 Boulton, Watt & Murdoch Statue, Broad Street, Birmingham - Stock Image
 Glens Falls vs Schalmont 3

════════════════

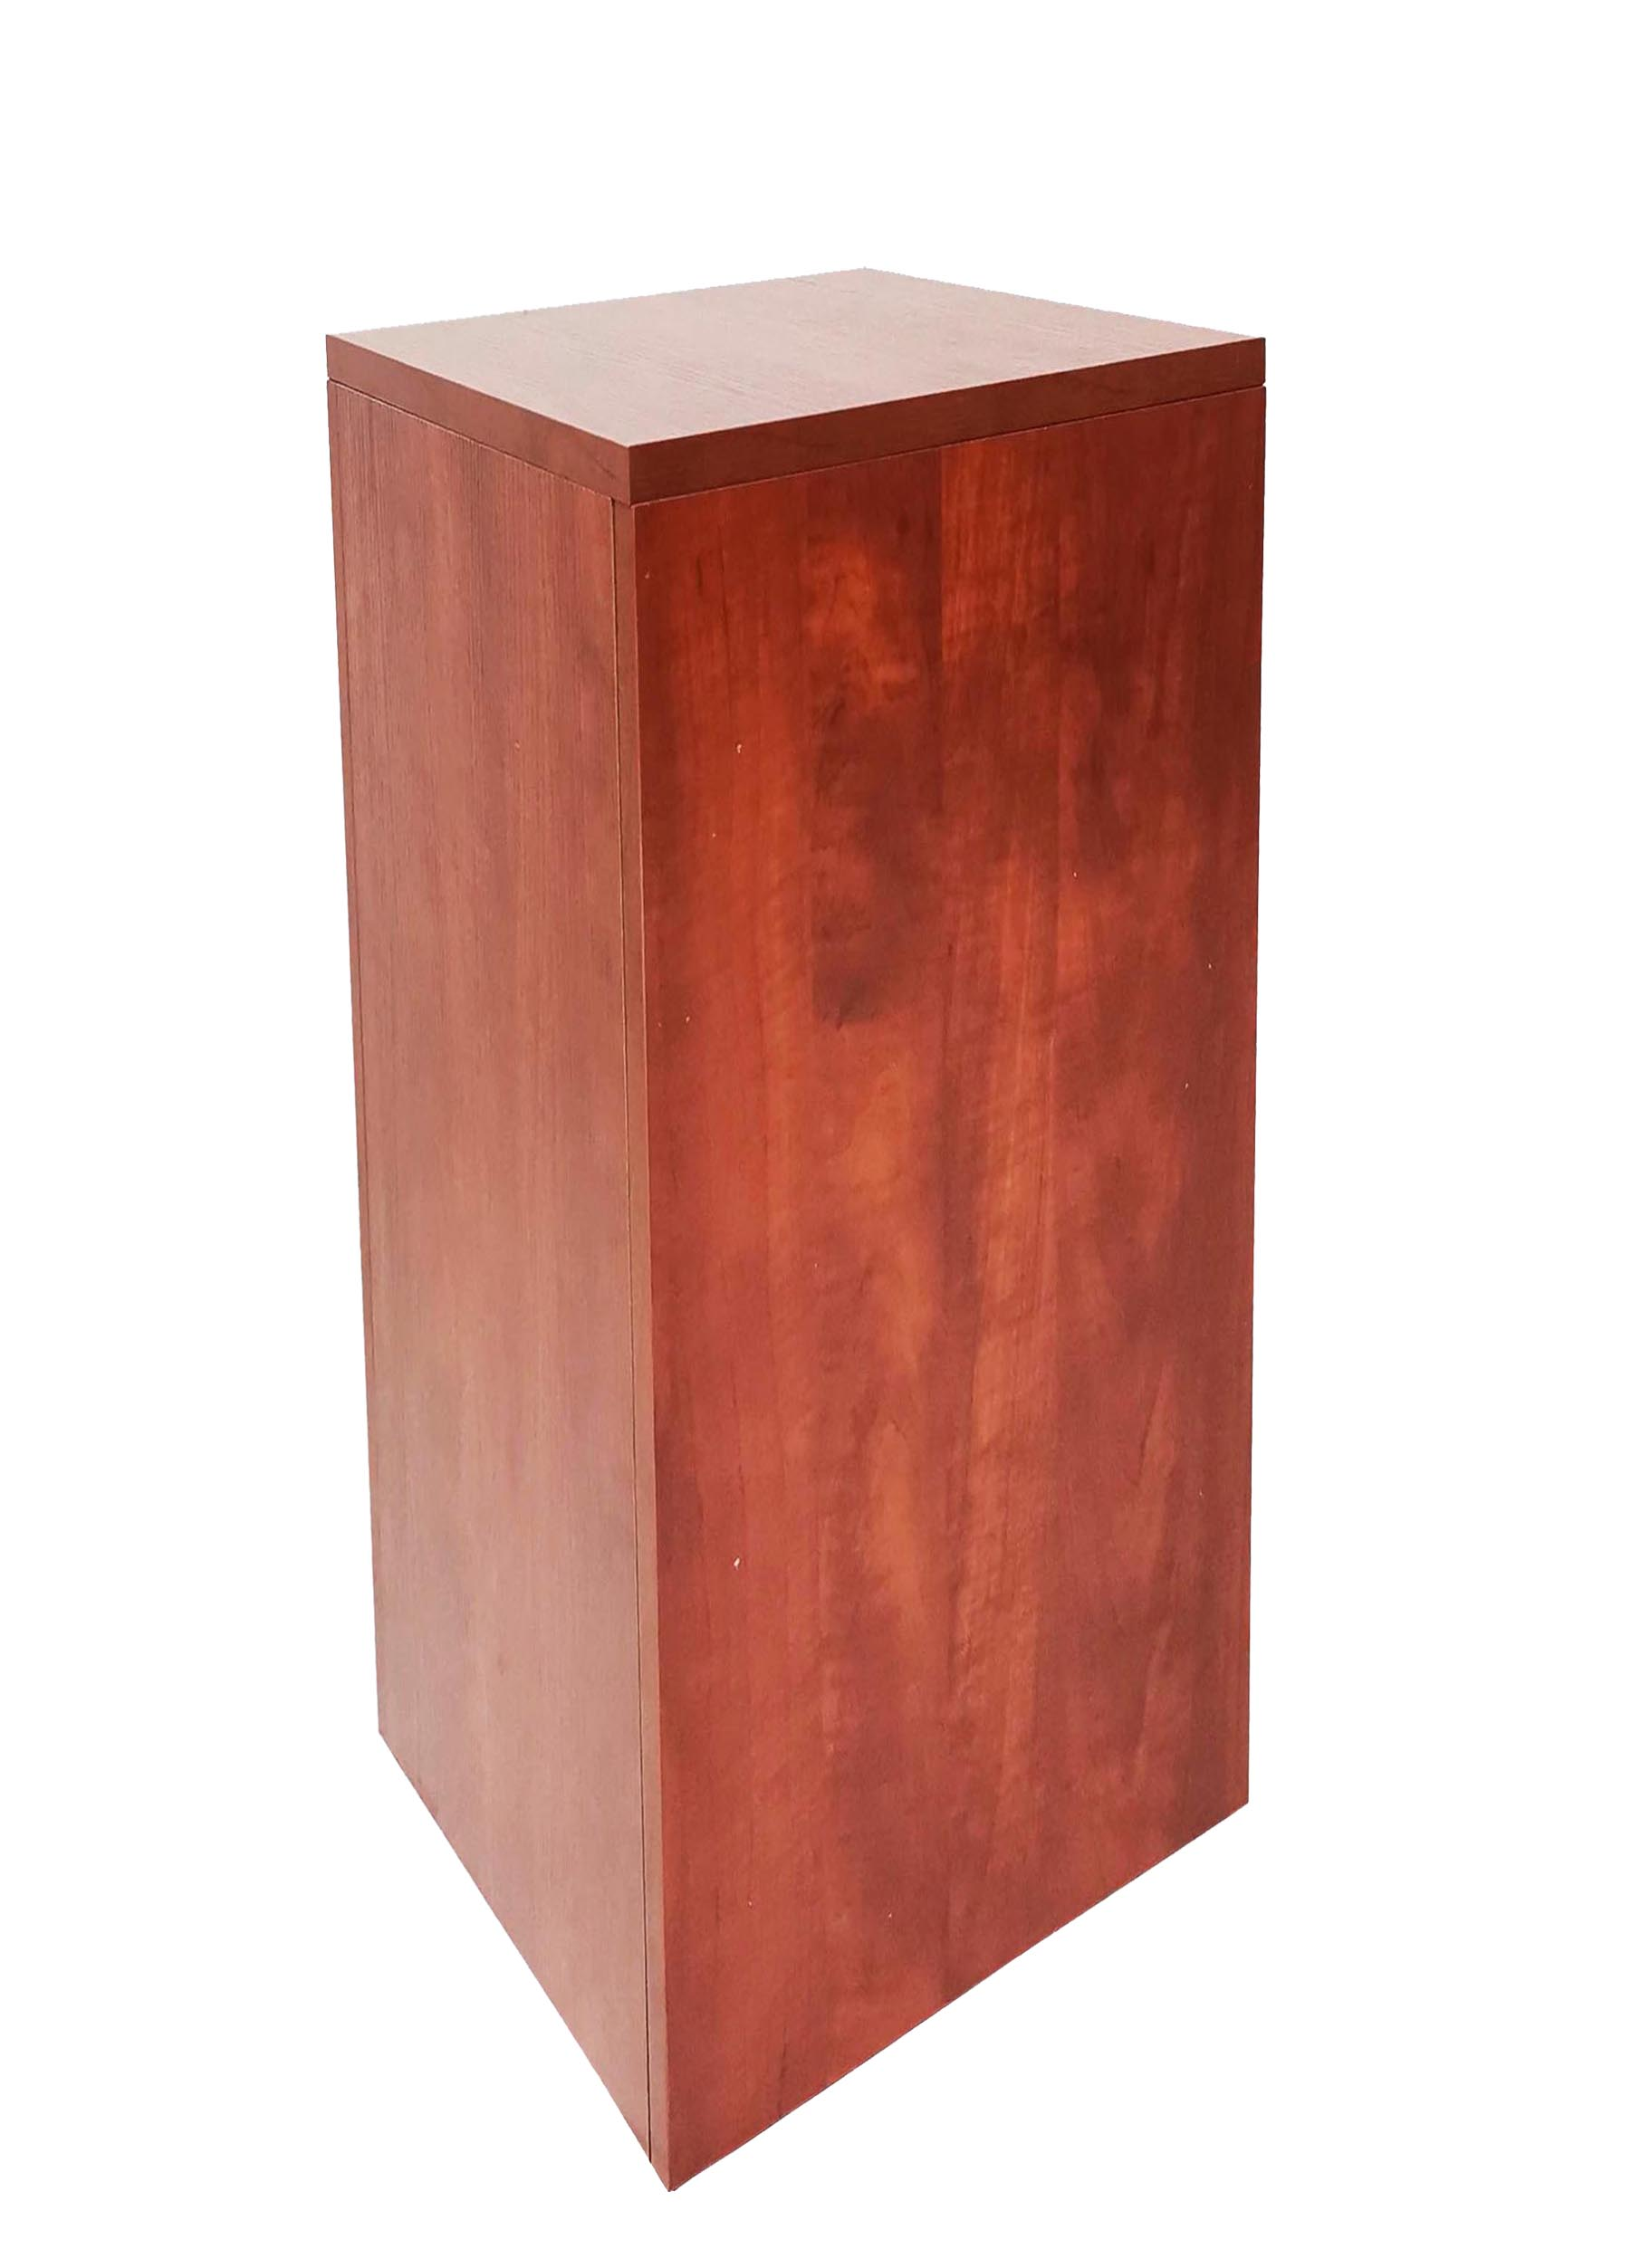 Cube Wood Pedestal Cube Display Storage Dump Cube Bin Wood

════════════════

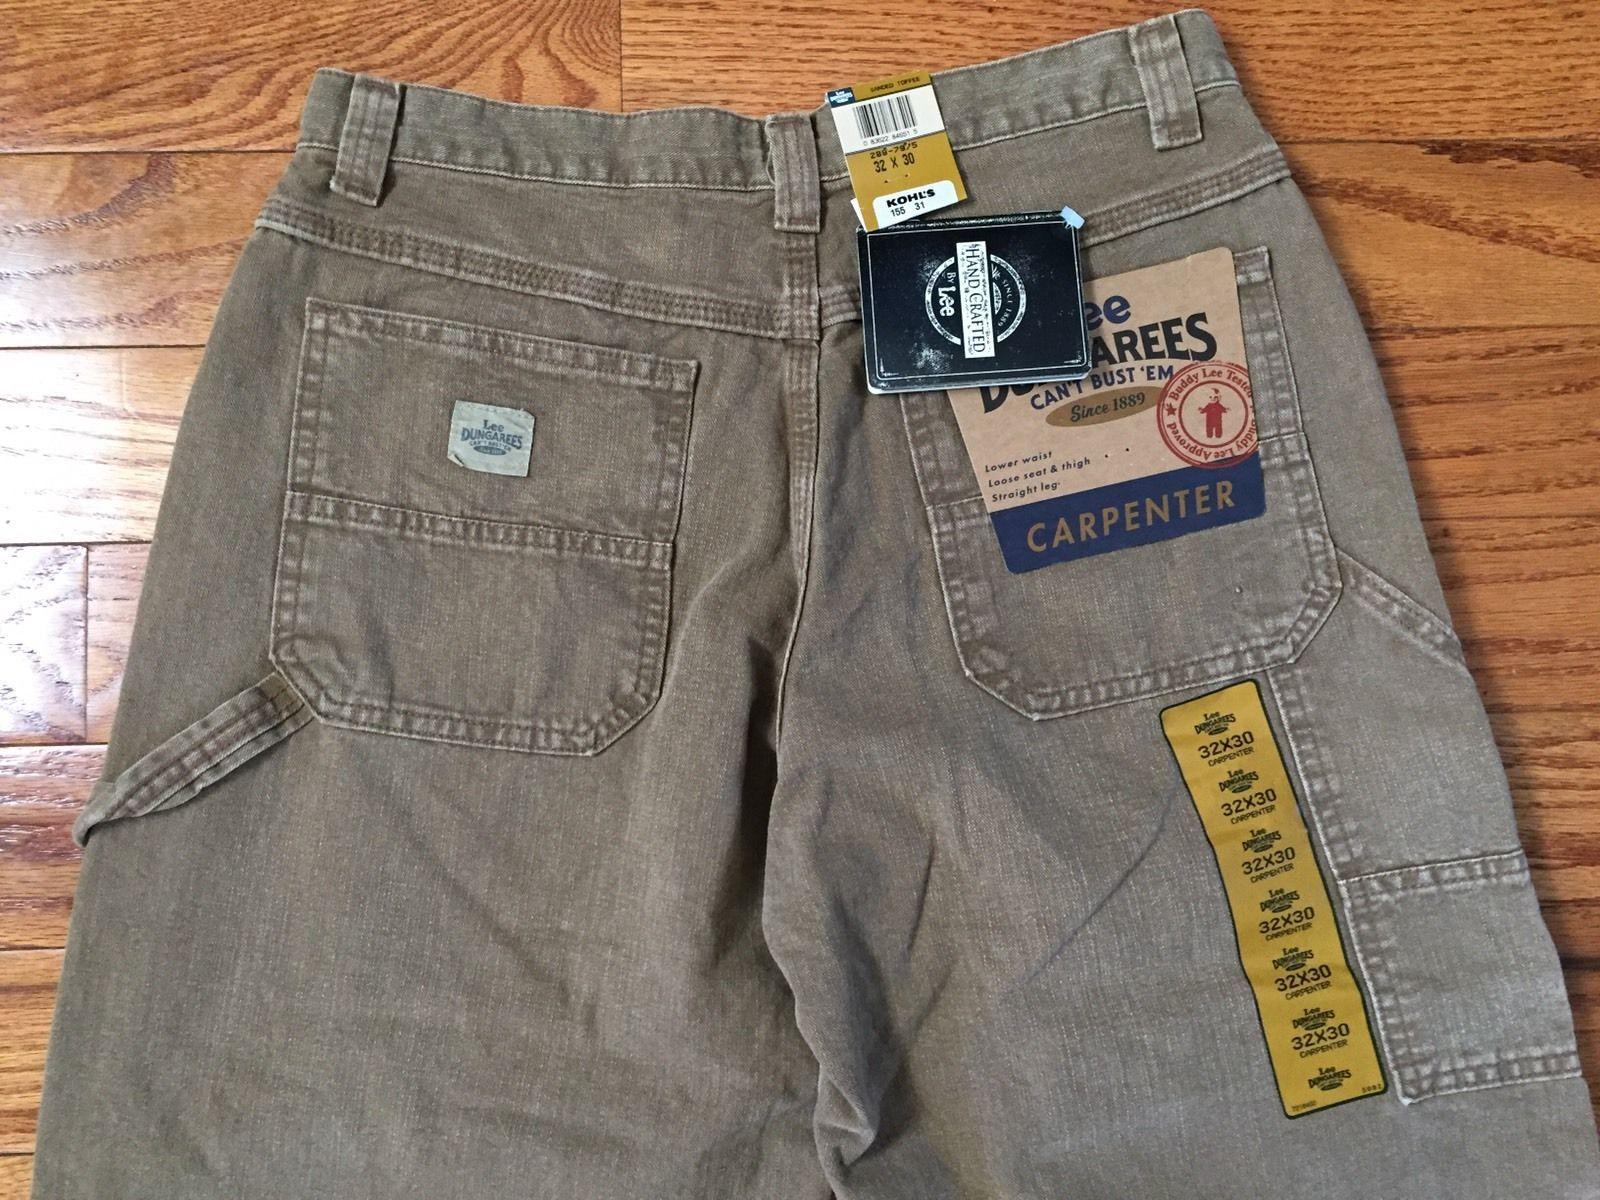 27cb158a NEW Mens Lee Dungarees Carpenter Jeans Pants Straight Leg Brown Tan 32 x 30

════════════════

Exercise:
Transcribe the lines above between the line holding "Boulton, Watt &" and the line holding "Glens Falls vs Schalmont 3", inclusive, exactly as they stand and with nothing added.

Answer to this task:
 Boulton, Watt & Murdoch Statue, Broad Street, Birmingham - Stock Image
 Glens Falls vs Schalmont 3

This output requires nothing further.